Additionally, companies may purchase offsets that count towards a maximum of eight percent of their total emissions. Offsets are essentially any investment that indirectly reduces carbon emissions, or effectively absorbs carbon from the atmosphere. For instance, a company could purchase a plot of forested land with the promise to protect it from resource extraction, thus ensuring that the forest will absorb atmospheric carbon for a given period of time.

The efficacy of the cap and trade program is debatable. Many environmentalists argue that the system simply justifies pollution, and is not a viable long-term solution to climate change. Personally, I tend to agree. However, I also recognize that cap and trade is currently the only game in town aimed at economically discouraging carbon pollution, while also encouraging a transition to renewable energy sources. This is important, as a similar system could eventually be implemented in Utah.

California’s carbon emission reduction requirements for electricity imports into the state will spur a scramble to develop clean energy among western utilities competing to maintain their share of the California energy market. Inevitably, some states are going to fall behind in this race to transport cleaner electricity to the Golden State, leaving a highly profitable void to be filled by the more progressive and aggressive developers of alternative energy. The Utah energy sector is, to my mind, at a momentous turning point. It can either seize this opportunity and surge ahead of the crowd, or it can fight the future, drag its feet and get left behind to choke on the dust of its more enlightened competitors.

Currently, more than four-fifths of Utah’s electricity is generated by burning coal, the dirtiest and cheapest form of fossil fuel. While this contributes to some of the cheapest retail electricity rates in the country, it also puts Utah behind the curve when it comes to clean energy production. If Utah were to shift away from coal, towards cleaner sources (preferably renewables), it would be able to capitalize on the legally guaranteed growing demand for such energy in California — at the expense of marginally higher in-state energy costs.
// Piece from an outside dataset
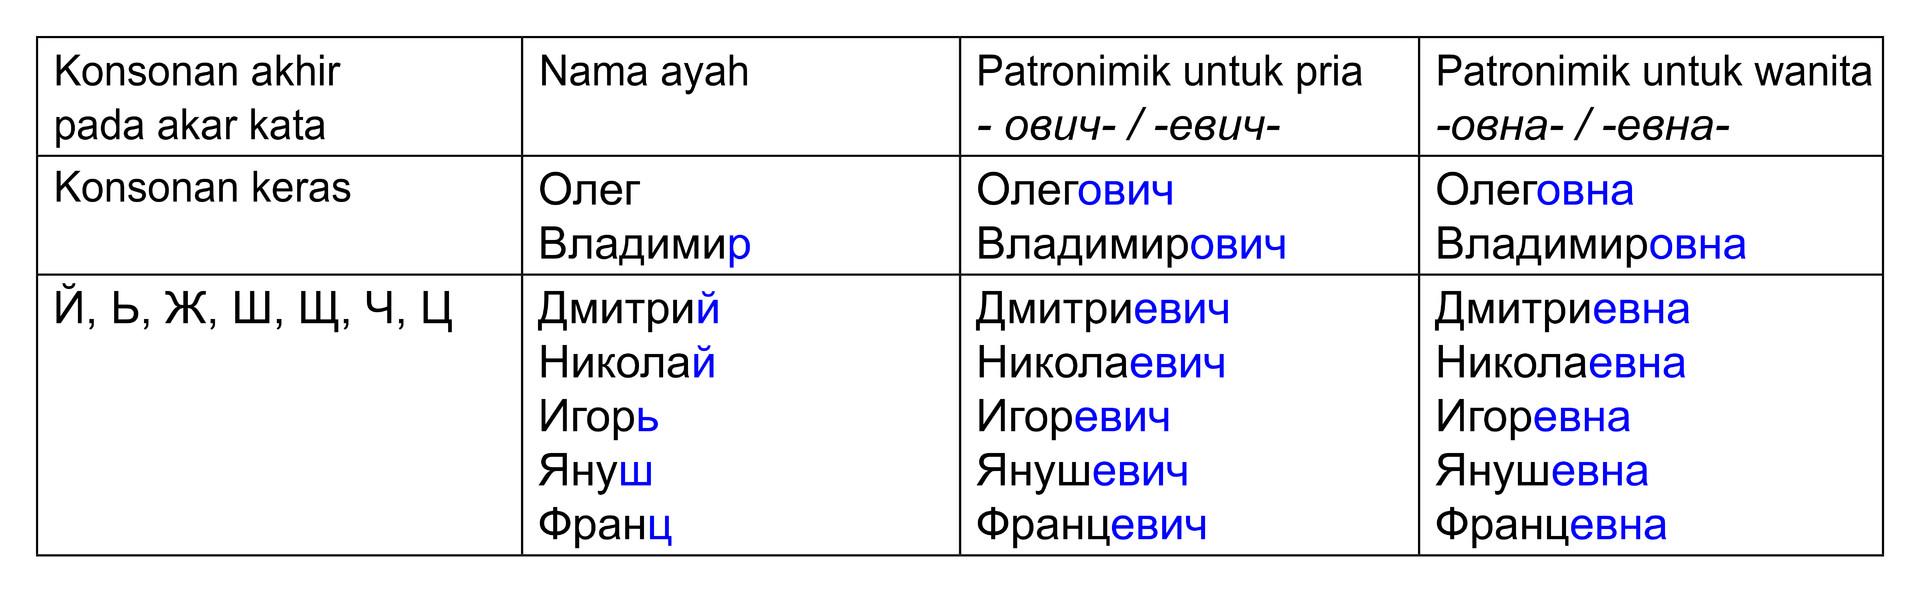 Tabel 1. Pembentukan patronimik
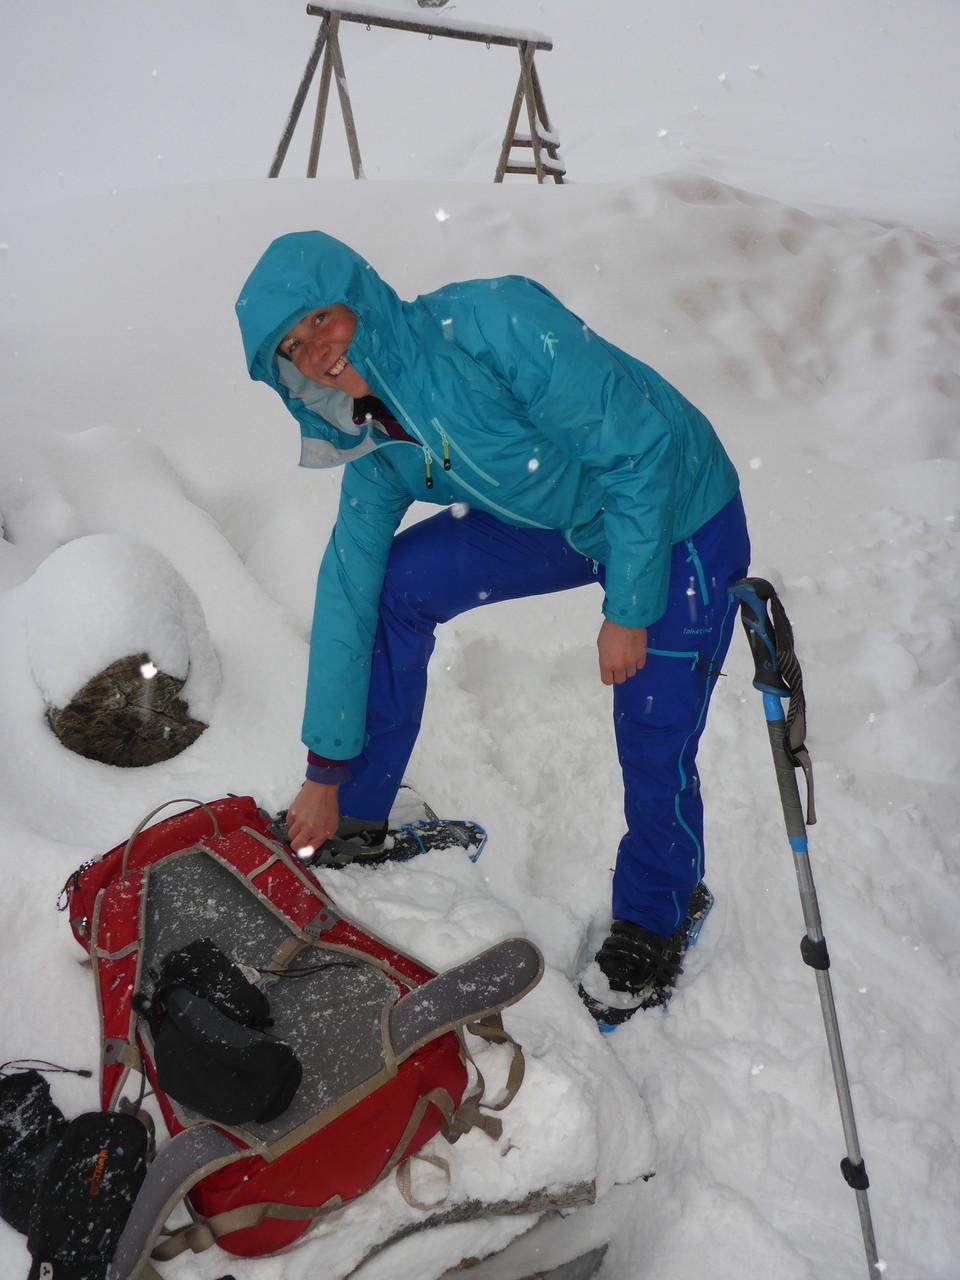 am letzten Tag schneit es und wir steigen nur noch von der Hütte ins Tal ab

It should be noted that California’s cap and trade program is slated to end in 2020. However, politicians in the state are already discussing emission reduction goals for 2050, leading one to believe that the demand for clean/renewable energy is not going to end anytime in the near future. Whether precipitated by climatic concerns or simply by the exhaustion of our finite reserves, the epoch of fossil fuels is eventually going to end. Thus, those who argue that investing in renewables is a shaky gamble — given the currently low costs of fossil fuels and the apparently uncertain future of clean-energy-promoting policies — would do well to readjust their time horizon.

Utah is one of only eight states that possess the potential for utility-scale geothermal energy production. Geothermal is a unique renewable source of energy, and one of the largest sites in the state is conveniently located near an existing electricity transmission line to California, in the Black Rock Desert basin. Geothermal is a more reliable energy source than wind and solar, and could prove to be cost competitive with coal. Unfortunately, Utah’s political leaders are afflicted by a severe case of short-sightedness, and are rendered blind to the reality that renewable energy is the future.

California’s cap and trade system is merely a foreshadowing of what is to come in America’s economic and energy future. The country, and the world, are beginning to evaluate the true costs of carbon-intensive energy production, and the assessment that is taking shape does not look favorable for fossil fuels. Utah, blessed as it is by its proximity to a huge renewable energy market, and with an abundance of renewable energy production potential, could easily emerge as a huge winner in the looming economic evolution.